Methods or Approaches of calculating National Income (NI)

There are various methods or approaches to calculating National Income (NI), which include:

A. Income Method:

The income method of calculating NI adds up all the factor incomes that the households receive in an economy. This includes wages, salaries, profits, and rental income. It also includes indirect taxes and subsidies. The formula for calculating NI using the income method is:

NI = Compensation of employees + Proprietor’s income + Rental income + Corporate profits + Net interest + Indirect taxes – Subsidies

Suppose the following are the income details of a country in a year:

  • Wages and Salaries = $50 million
  • Rent = $10 million
  • Interest = $5 million
  • Profit = $15 million

Using the income approach, we can calculate NI as follows:

NI = Wages and Salaries + Rent + Interest + Profit

NI = $50 million + $10 million + $5 million + $15 million

NI = $80 million

B. Expenditure Method:

The expenditure method of calculating NI adds up all the expenditures made by households, firms, and the government in an economy. This includes personal consumption expenditures, investment expenditures, government spending, and net exports. The formula for calculating NI using the expenditure method is:

NI = Personal consumption expenditures + Gross private domestic investment + Government consumption expenditures and gross investment + Net exports

Suppose the following is the expenditure details of a country in a year:

  • Personal Consumption Expenditure (C) = $50 million
  • Gross Private Domestic Investment (I) = $20 million
  • Government Expenditure (G) = $10 million
  • Net Exports (X – M) = $5 million

Using the expenditure approach, we can calculate NI as follows:

NI = C + I + G + (X – M)

NI = $50 million + $20 million + $10 million + ($5 million)

NI = $85 million

Note that the value of (X – M) is positive here, indicating the country’s trade surplus.

C. Output/ Production Method:

The output/ Production method of calculating NI adds up the value of all goods and services produced in an economy. It involves summing up the value added at each stage of production.
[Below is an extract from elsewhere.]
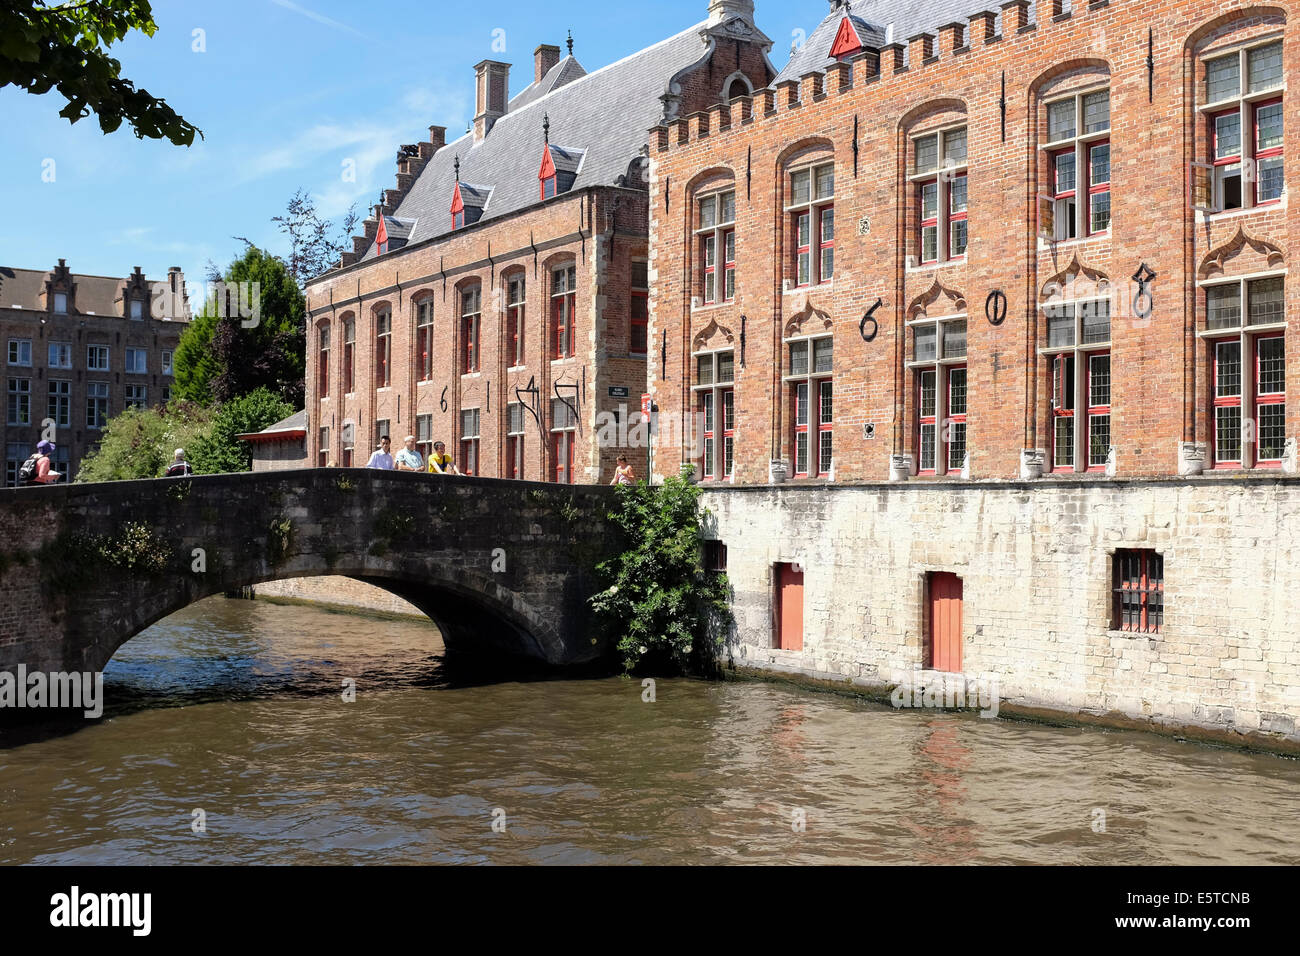 Historical buildings in the canals of Bruges, Belgium Stock Photo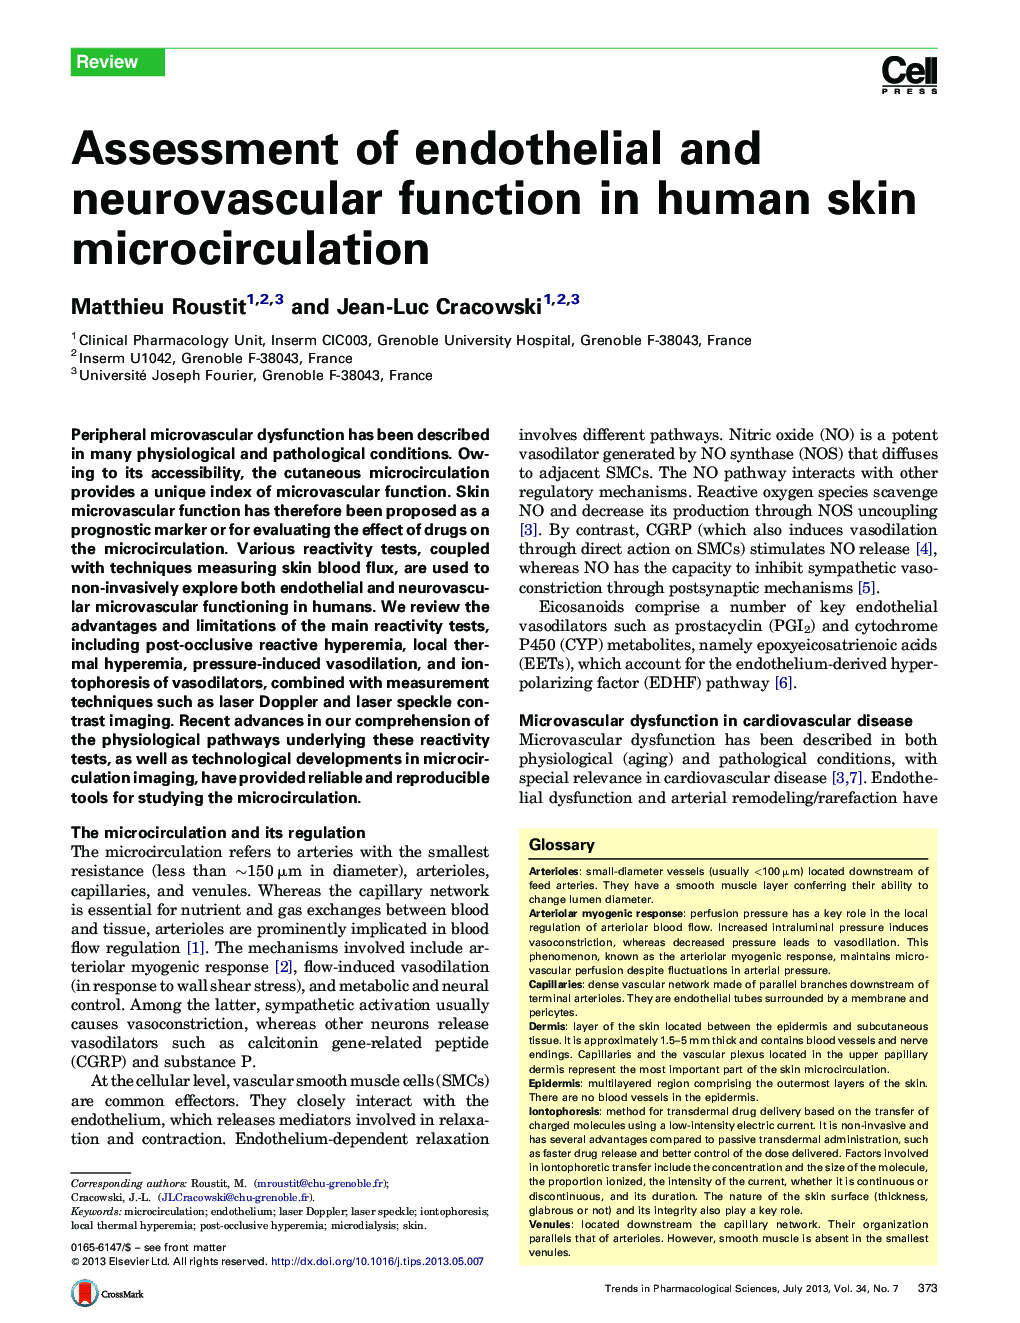 Assessment of endothelial and neurovascular function in human skin microcirculation

The formula for calculating NI using the output method is:

NI = Value of output – Value of intermediate consumption

Suppose a country produces the following goods and services in a year:

  • 10,000 units of smartphones worth $100 each
  • 5,000 units of laptops worth $500 each
  • 1,000 units of cars worth $20,000 each
  • 500 units of houses worth $200,000 each

Using the Output or production approach, we can calculate NI as follows:

NI = Value of Total OutputValue of Intermediate Consumption

Now,

Value of Total Output = (10,000 x $100) + (5,000 x $500) + (1,000 x $20,000) + (500 x $200,000) = $150 million

Value of Intermediate Consumption (also known as cost of goods sold) = Cost of smartphones + Cost of laptops + Cost of cars + Cost of houses = (10,000 x $50) + (5,000 x $250) + (1,000 x $10,000) + (500 x $100,000) = $80 million

NI = $150 million – $80 million = $70 million

D. Adjusted National Income Method:

The Adjusted National Income (ANI) method accounts for capital equipment and asset depreciation. The formula for calculating Adjusted NI is:

NIAdjusted = NI + Indirect taxes – Subsidies – Depreciation

This method accurately measures an economy’s income by accounting for the wear and tear on capital equipment and assets.

Let’s break down the formula to understand the Adjusted National Income (NIAdjusted) method. Adjusted NI is calculated by adding the National Income (NI) to indirect taxes and subtracting subsidies and depreciation.

Depreciation refers to the decline in the value of capital assets over time due to wear and tear or obsolescence. It is a crucial factor that needs to be accounted for in measuring a country’s overall income as it affects the future production capacity. Subsidies, on the other hand, refer to the financial assistance given by the government to specific industries or sectors to promote their growth.

The Adjusted NI method helps to account for the effect of depreciation on the income of an economy. It provides a more accurate representation of a country’s income and ability to produce future goods and services.

For example, let’s say a country’s NI is $500 billion, indirect taxes are $50 billion, subsidies are $30 billion, and depreciation is $40 billion. Using the ANI formula, we can calculate the Adjusted National Income as follows:

NIAdjusted= NI + Indirect taxes – Subsidies – Depreciation

= $500 billion + $50 billion – $30 billion – $40 billion

= $480 billion

Therefore, the Adjusted NI for the given country is $480 billion. This indicates that after accounting for depreciation and subsidies, the country’s actual income is $480 billion.

E. Value-Added Method

The Value Added Approach is one of the methods used to calculate National Income (NI). This method involves summing up the value added by each firm or industry in the production process. The value added is the difference between the value of the output and the cost of inputs used in the production process.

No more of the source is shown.